A jadomycin is a natural product produced by  Streptomyces venezuelae ISP5230 (ATCC10712), the organism which is most well known for making the antibiotic chloramphenicol.  The name jadomycin is applied to a family of related angucyclines which are distinguished by the E ring (usually an oxoazolone ring), which is derived from an amino acid. The amino acid incorporation which forms the E-ring is a chemical reaction, rather than enzymatic,  an uncommon occurrence in biosynthesis. As such a number of  jadomycins incorporating different amino acids have been discovered. Jadomycin A was the first compound of this family to be isolated and constitutes the angucylic backbone with L-isoleucine incorporated into the E-ring.
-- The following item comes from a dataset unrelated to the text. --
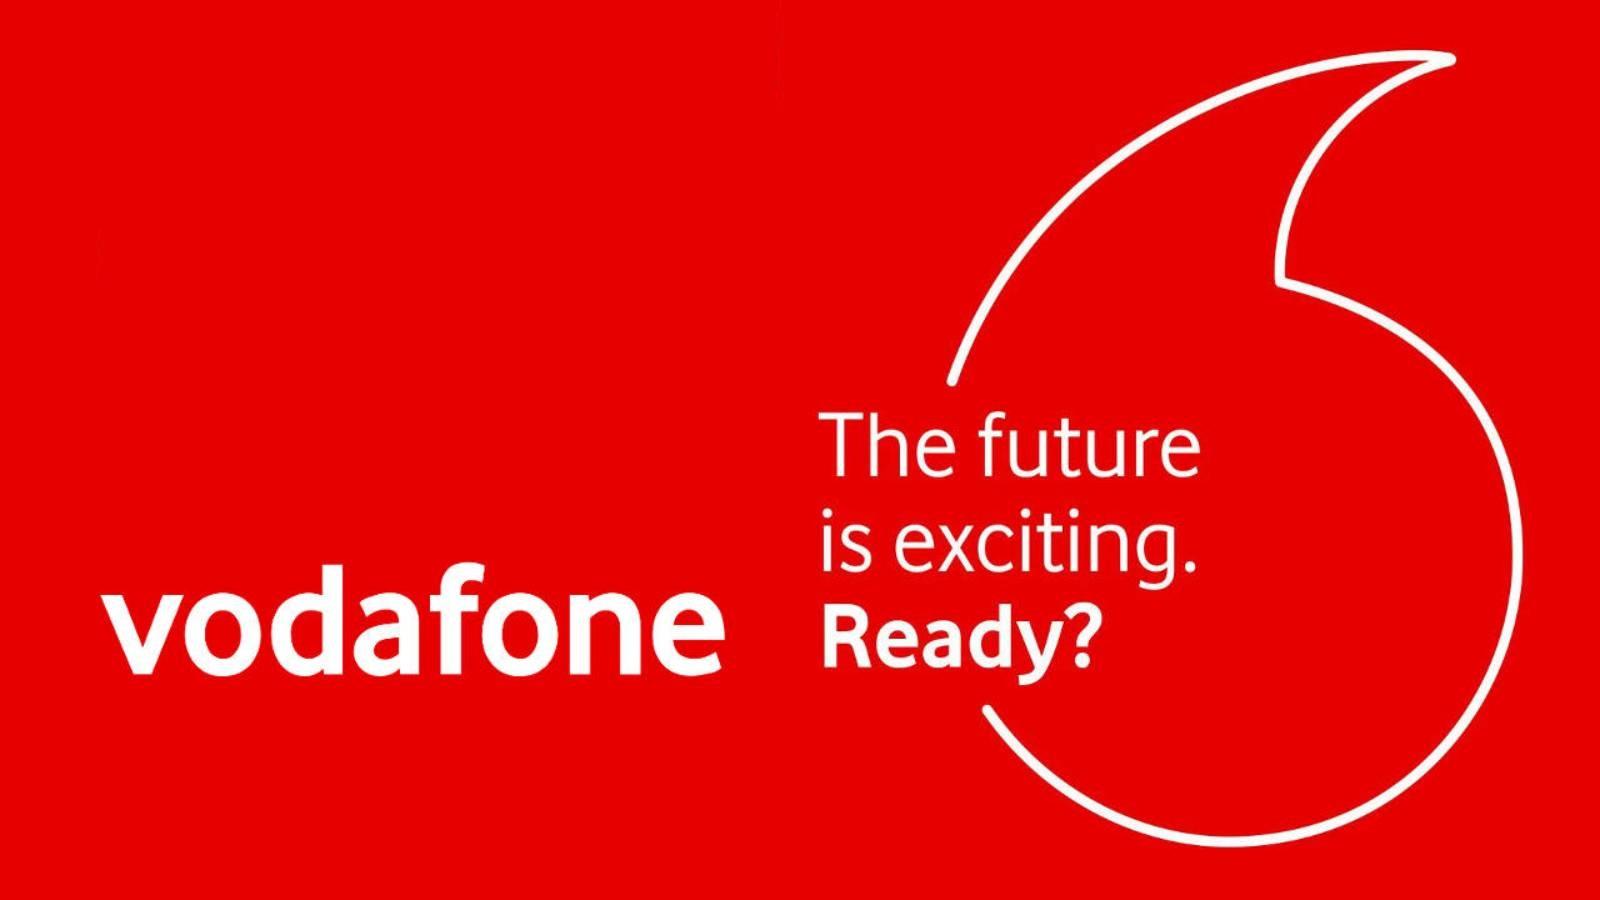 Vodafone avans

A related analog, jadomycin B, is modified by glycosylation with a 2,6-dideoxy sugar, L-digitoxose. Jadomycins have cytotoxic and antibacterial properties.

Biosynthesis 
The jadomycin biosynthetic gene cluster is well characterized. Jadomycin biosynthesis encompasses type II polyketide synthase (T2Pks) assembly to generate the angucycline component, and a dideoxy sugar pathway, to generate the sugar donor NDP-L-digitoxose. Studies have implicated JadG, an FAD-dependent oxygenase, in the ring cleavage required for incorporation of amino acids. JadS, the glycosyltransferase that transfers L-digitoxose, has been shown to be flexible with respect to the sugar donor.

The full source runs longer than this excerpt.